El dispositivo permite controlar movimientos mediante la actividad cerebral y se convierte en el primero en el mundo autorizado para uso fuera de ensayos clínicos.


Por Fabián Pizarro Arcos


China ha dado un paso histórico en el desarrollo de la neurotecnología al aprobar el uso de un chip cerebral para tratar a personas con parálisis, convirtiéndose en el primer país en autorizar este tipo de dispositivo para su uso más allá de ensayos clínicos.


El avance, destacado por la revista científica Nature, consiste en una interfaz cerebro-computadora (BCI, por sus siglas en inglés) capaz de traducir señales neuronales en acciones concretas. En este caso, el sistema permite que pacientes con parálisis puedan recuperar parcialmente el movimiento de sus manos mediante el control de dispositivos externos.


El implante funciona registrando la actividad eléctrica del cerebro y decodificándola a través de software especializado.
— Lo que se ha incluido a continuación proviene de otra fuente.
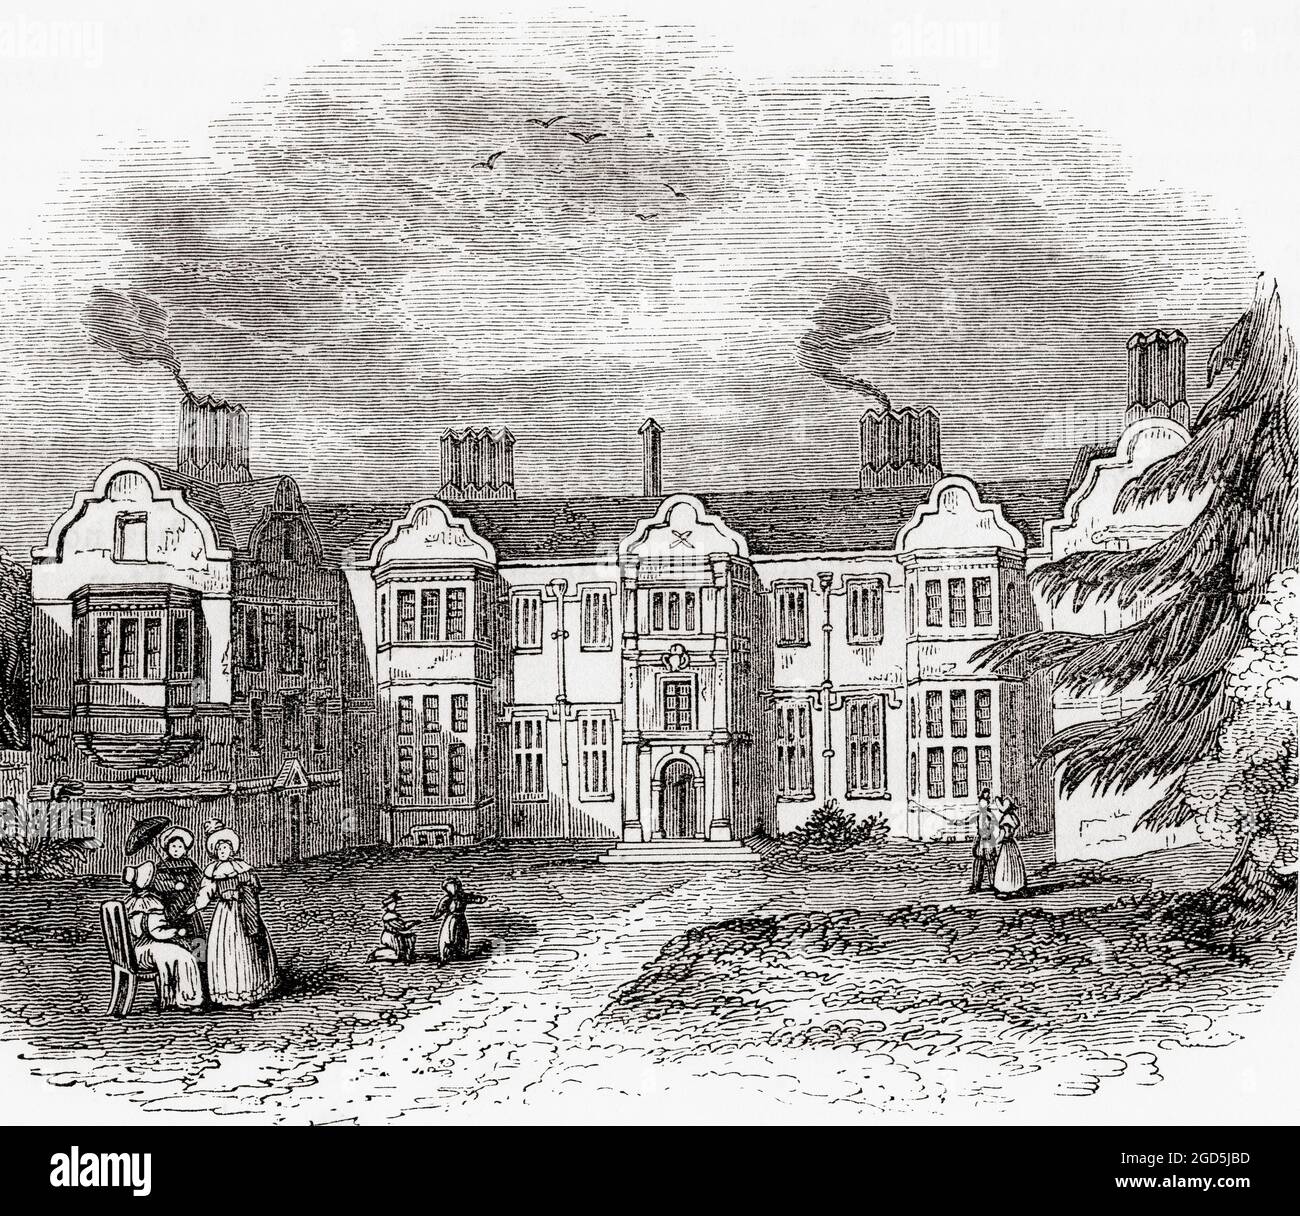 Ladye Place, Hurley, in der englischen Grafschaft, gesehen hier im frühen 19. Jahrhundert. Das Gebäude, das früher Hurley Priory war, wurde das Zuhause der Barons Lovelace. Aus dem malerischen England, seine Wahrzeichen und historischen Stätten, veröffentlicht 1891. Stockfoto
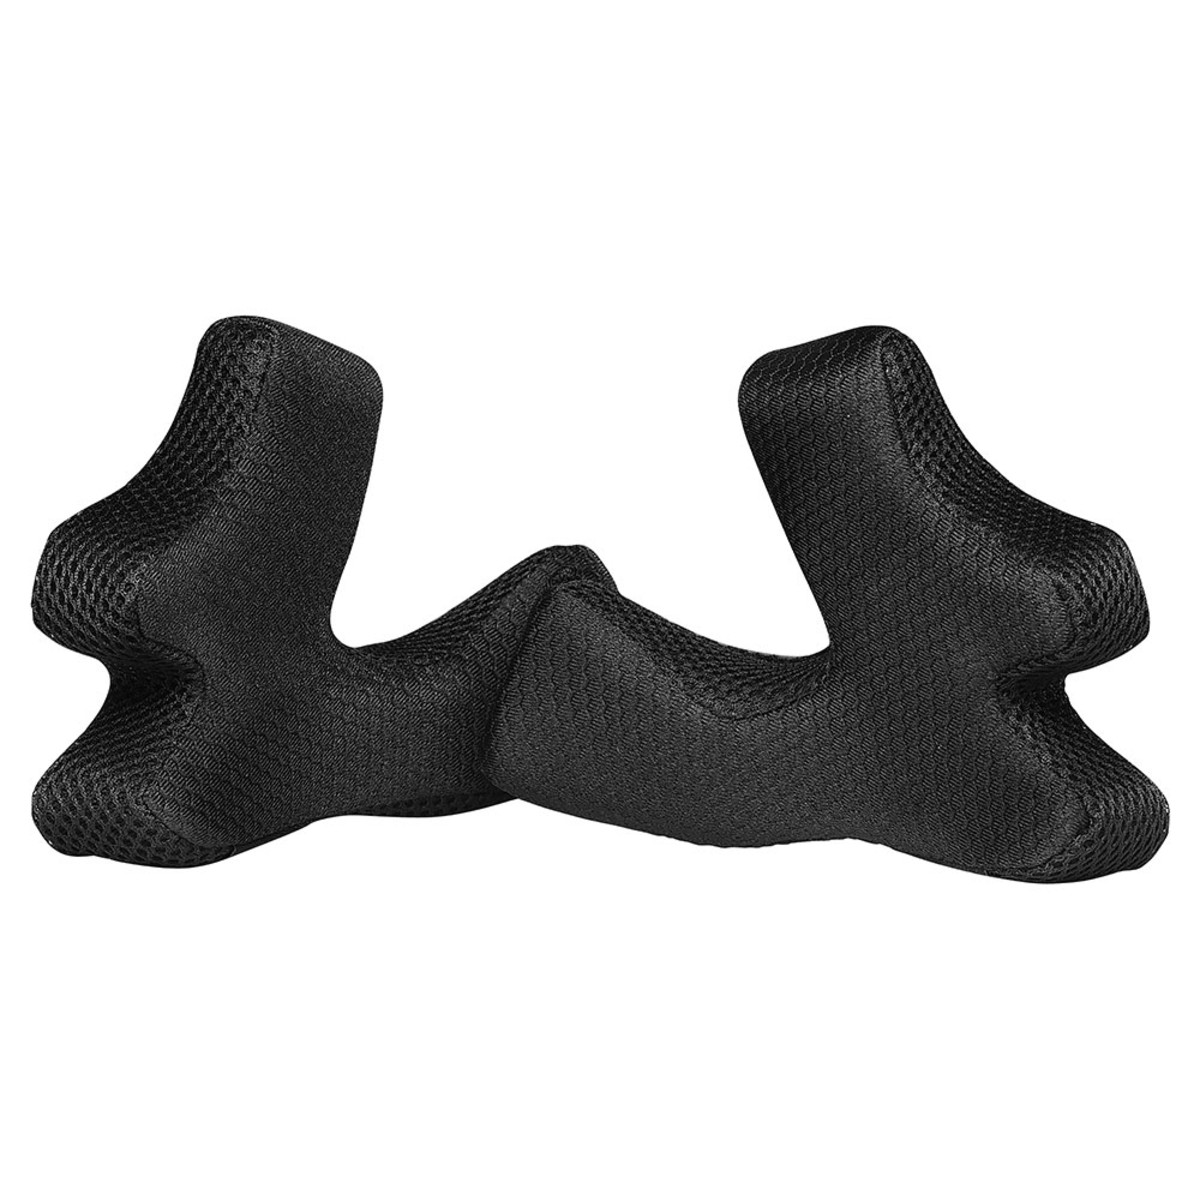 Troy Lee Designs 3D Cheek Pads SE4 Carbon/Composite Black

Estas señales son luego utilizadas para controlar, por ejemplo, una mano robótica blanda, abriendo nuevas posibilidades para la rehabilitación de personas con daño neurológico severo.


Se trata de un avance significativo en un campo que durante décadas ha estado limitado principalmente a investigaciones experimentales. Aunque las interfaces cerebro-computadora ya se habían probado en entornos clínicos, esta es la primera vez que una tecnología de este tipo recibe autorización para su aplicación más amplia en pacientes, marcando un punto de inflexión en la medicina moderna.


El dispositivo está dirigido especialmente a personas con lesiones en la médula espinal o parálisis parcial, quienes podrían recuperar funciones motoras básicas gracias a esta tecnología. En algunos casos, el sistema se conecta a dispositivos externos como guantes robóticos, que ejecutan los movimientos ordenados directamente por el cerebro.


Este avance también posiciona a China en la primera línea de la carrera global por el desarrollo de interfaces cerebro-máquina, un campo en el que compiten empresas tecnológicas y centros de investigación de todo el mundo.


Sin embargo, los expertos advierten que, pese a su potencial, este tipo de implantes sigue implicando desafíos importantes, como los riesgos asociados a la cirugía cerebral, la durabilidad de los dispositivos y la estabilidad de las señales neuronales a largo plazo.


Aun así, la aprobación de este chip cerebral marca un antes y un después en la aplicación práctica de la neurotecnología. Más allá del avance científico, representa una nueva esperanza para millones de personas que viven con parálisis, abriendo la puerta a una medicina donde la mente puede volver a conectar con el cuerpo.